We introduce a library, Dataset Grouper, to create large-scale group-structured (e.g., federated) datasets, enabling federated learning simulation at the scale of foundation models. This library allows the creation of group-structured versions of existing datasets based on user-specified partitions, and directly leads to a variety of useful heterogeneous datasets that can be plugged into existing software frameworks. Dataset Grouper offers three key advantages. First, it scales to settings where even a single group's dataset is too large to fit in memory. Second, it provides flexibility, both in choosing the base (non-partitioned) dataset and in defining partitions. Finally, it is framework-agnostic.

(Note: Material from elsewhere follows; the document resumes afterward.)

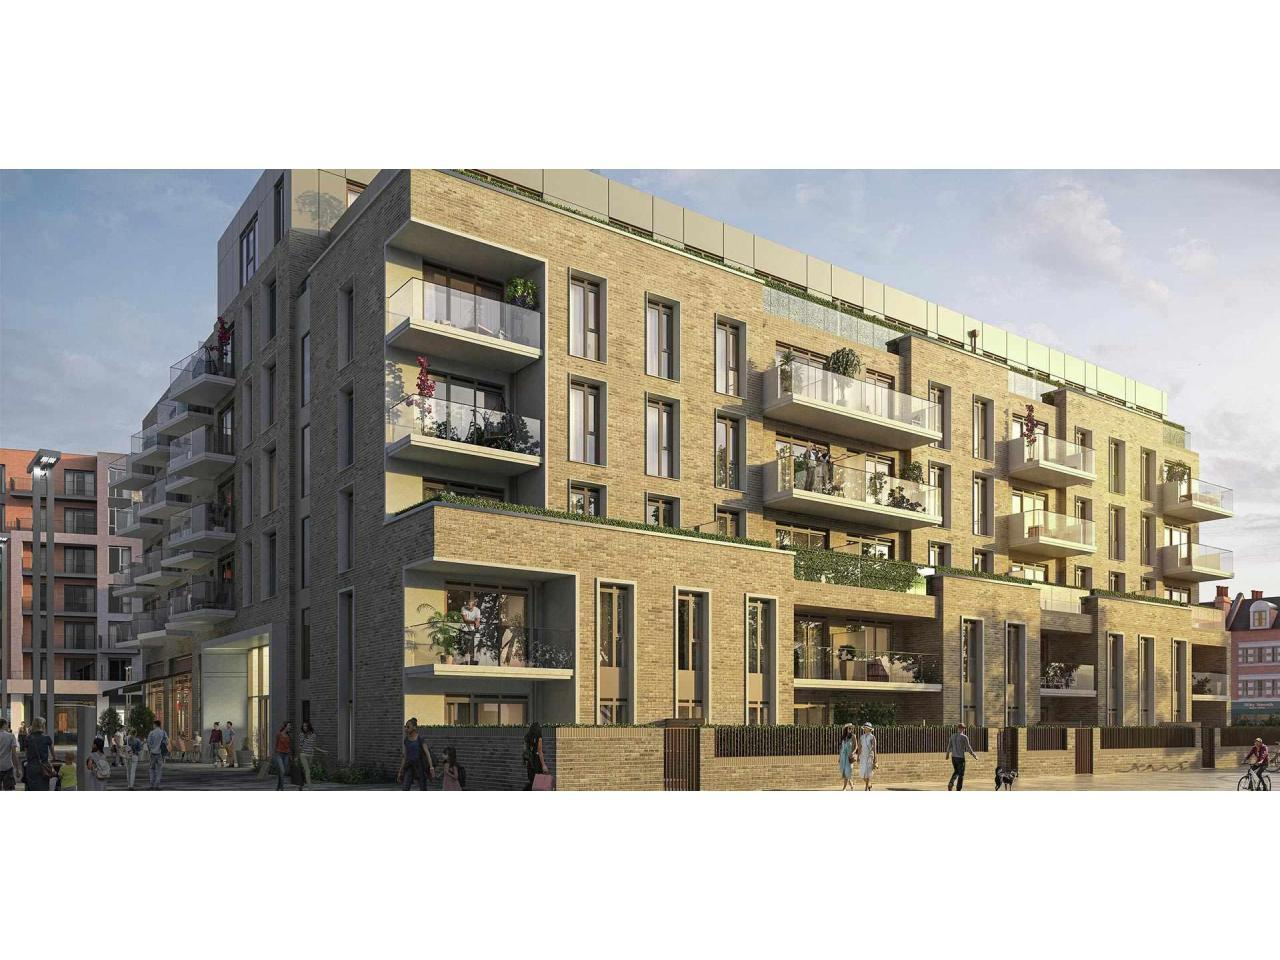 Cделки по покупке недвижимости London - 3

We empirically demonstrate that Dataset Grouper allows for large-scale federated language modeling simulations on datasets that are orders of magnitude larger than in previous work. Our experimental results show that algorithms like FedAvg operate more as meta-learning methods than as empirical risk minimization methods at this scale, suggesting their utility in downstream personalization and task-specific adaptation.

Zachary B. Charles | Zachary Garrett | Krishna Pillutla | Nicole Mitchell | Krishna Pillutla | Michael Reneer

[1] Ruiyi Zhang,et al. Towards Building The Federatedgpt: Federated Instruction Tuning , 2023, ICASSP 2024 - 2024 IEEE International Conference on Acoustics, Speech and Signal Processing (ICASSP).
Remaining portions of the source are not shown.